Recent Business Highlights
-- Since commencing leasing activities for the recently completed 92-unit Union Lofts residential property in February, to date the company has signed 16 leases with an average term of 13.5 months at rental rates of $2.71 per square foot per month with concessions.
-- Closed seven loans during the first quarter with total loan proceeds of $81.0 million at an average interest rate of 5.54%. Six of these transactions were refinancing of existing loans and one was a new loan. Subsequent to the end of the first quarter, the company has refinanced two additional loans for a total of $24.3 million with an interest rate of 7.76%.
-- Rental income increased to $6.6 million, a 15.1% increase compared to the same period last year.
-- Completed the sale of one non-strategic property for a net gain of $6.9 million.
"The financial performance of our operating portfolio was in line with expectations," said Richard Meruelo, Chairman and Chief Executive Officer of MerueloMaddux. "During the first quarter, annualized cash lease revenue increased by a solid 5.9% compared to annualized lease revenue as of the prior quarter. In addition, I continue to be encouraged by strong early demand for our recently completed Union Lofts residential property, which has resulted in leases signed for a total of 16 units during the first ten weeks of leasing activity."
Mr. Meruelo concluded, "Enhancing our liquidity position remains a top priority. While the ongoing difficulties in the broader credit markets have made it difficult to secure large scale construction and permanent loans, similar to prior periods, we continue to have success in funding our business through the refinancing of current loans and in obtaining new loans on our properties. We will continue to monitor the credit markets and availability of capital and make adjustments to our development strategies as appropriate."

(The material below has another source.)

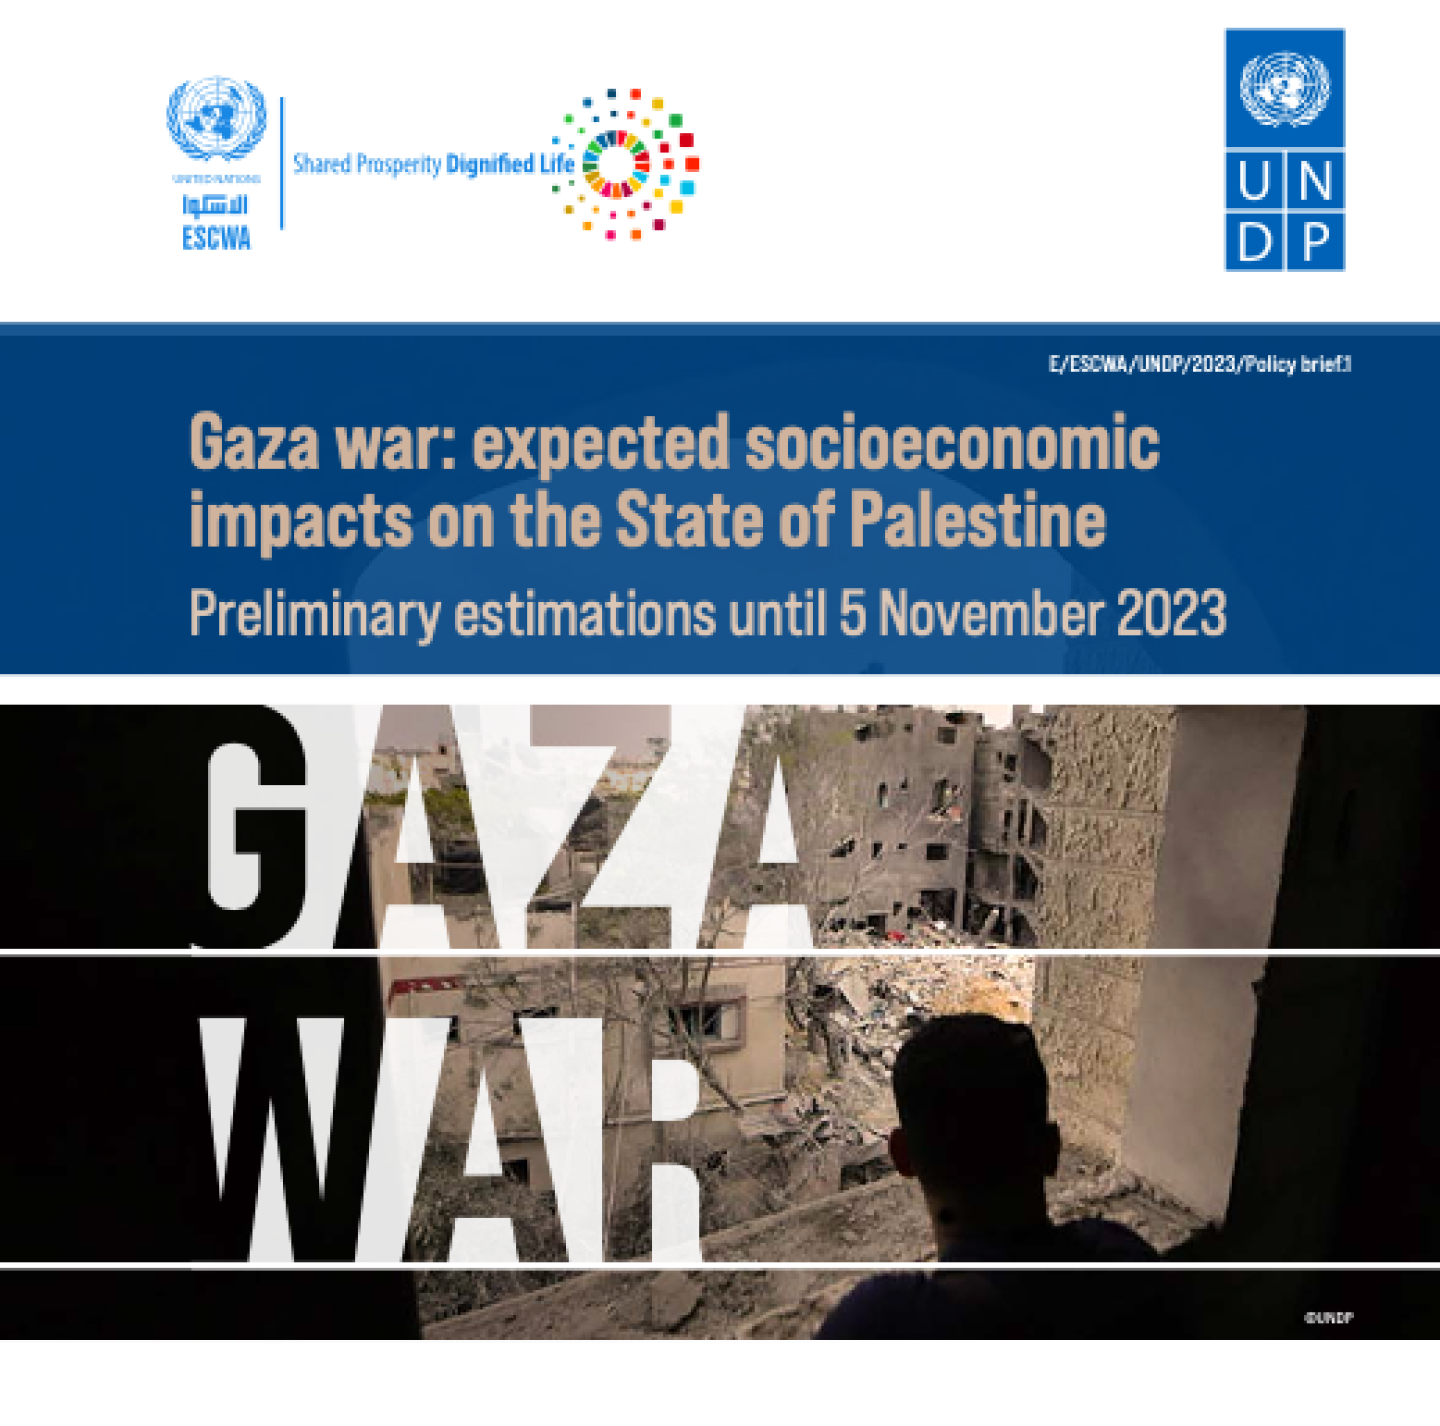 حرب غزة: الآثار الاجتماعية والاقتصادية المتوقعة على فلسطين

Financial and Operating Results
Results from operations described herein relate to the combined financial statements of the Company's predecessor business as well as those of the Company.
For the three months ended March 31, 2008, total revenue decreased 2.2% to $7.0 million compared to $7.2 million in the same period in 2007. The decrease was primarily due to lower interest income in the period. This was partially offset higher rental income in the most recent quarter, which increased 15% to $6.6 million, compared to rental income of $5.7 million in the same quarter last year. Total expenses in the first quarter of 2008 were $20.3 million, or 89.7% higher than total expenses of $10.7 million in the first quarter of 2007. Included in total expenses in the first quarter of 2008 is a $10.2 million impairment loss on real estate assets. There was no corresponding expense in the comparable period in 2007. Excluding the impairment loss on real estate assets, expenses were $10.1 million, or $0.6 million less than total expenses for the first quarter of 2007. The decrease is primarily due to lower interest expense resulting from the payoff of the CalPERS credit facility and other mortgage debt using proceeds from the Company's January 2007 initial public offering. The Company recorded a $6.9 million gain on sale of real estate in the first quarter of 2008. There was no corresponding gain in the comparable period in 2007. Net loss was $(4.0) million, or $(0.05) per basic and diluted share, for the three months ended March 31, 2008 compared to a net loss of $(3.5) million for the same period in 2007.
Company's Portfolio
As of March 31, 2007, the Company owns, leases with rights to purchase and has rights to acquire interests in 28 development and redevelopment projects and 27 projects that have been developed that are primarily located in or around the downtown area of Los Angeles. All of the projects in the portfolio are in Southern California.
Recent Leasing Activity
The Company completed or renewed a total of thirty five leases during the first quarter for a net total increase of 13,105 square feet of leased space. In addition, the Company leased building signage space to Van Wagner Communications and replaced the lessor of two of its commercial parking lots, significantly increasing those properties' rental income. The largest new lease was to Michael Distributors, Inc., who leased 5,000 square feet in the Barstow Produce Center property. Paola, Inc. leased 4,601 square feet and Super Fine-L LLC leased 3,000 square feet of space at the 2131 Humboldt Street property.
During the first quarter, annualized cash lease revenue increased by $1.3 million to $23.8 million, an increase of 5.9% compared to annualized lease revenue as of the prior quarter. On a GAAP basis, annualized lease revenue increased by $0.2 million to $24.2 million, an increase of 0.7% compared to the prior quarter.
Recent Financing Activity
During the first quarter the company closed seven secured, real property financing transactions with aggregate loan proceeds of $81.0 million at an average interest rate of 5.54%. Six of these transactions were refinancing transactions for existing commercial properties and one was a new loan. Subsequent to the end of the first quarter, the company refinanced one additional loan for a total of $24.3 million for an interest rate of 7.76%. -- Meruelo Maddux Properties, Inc.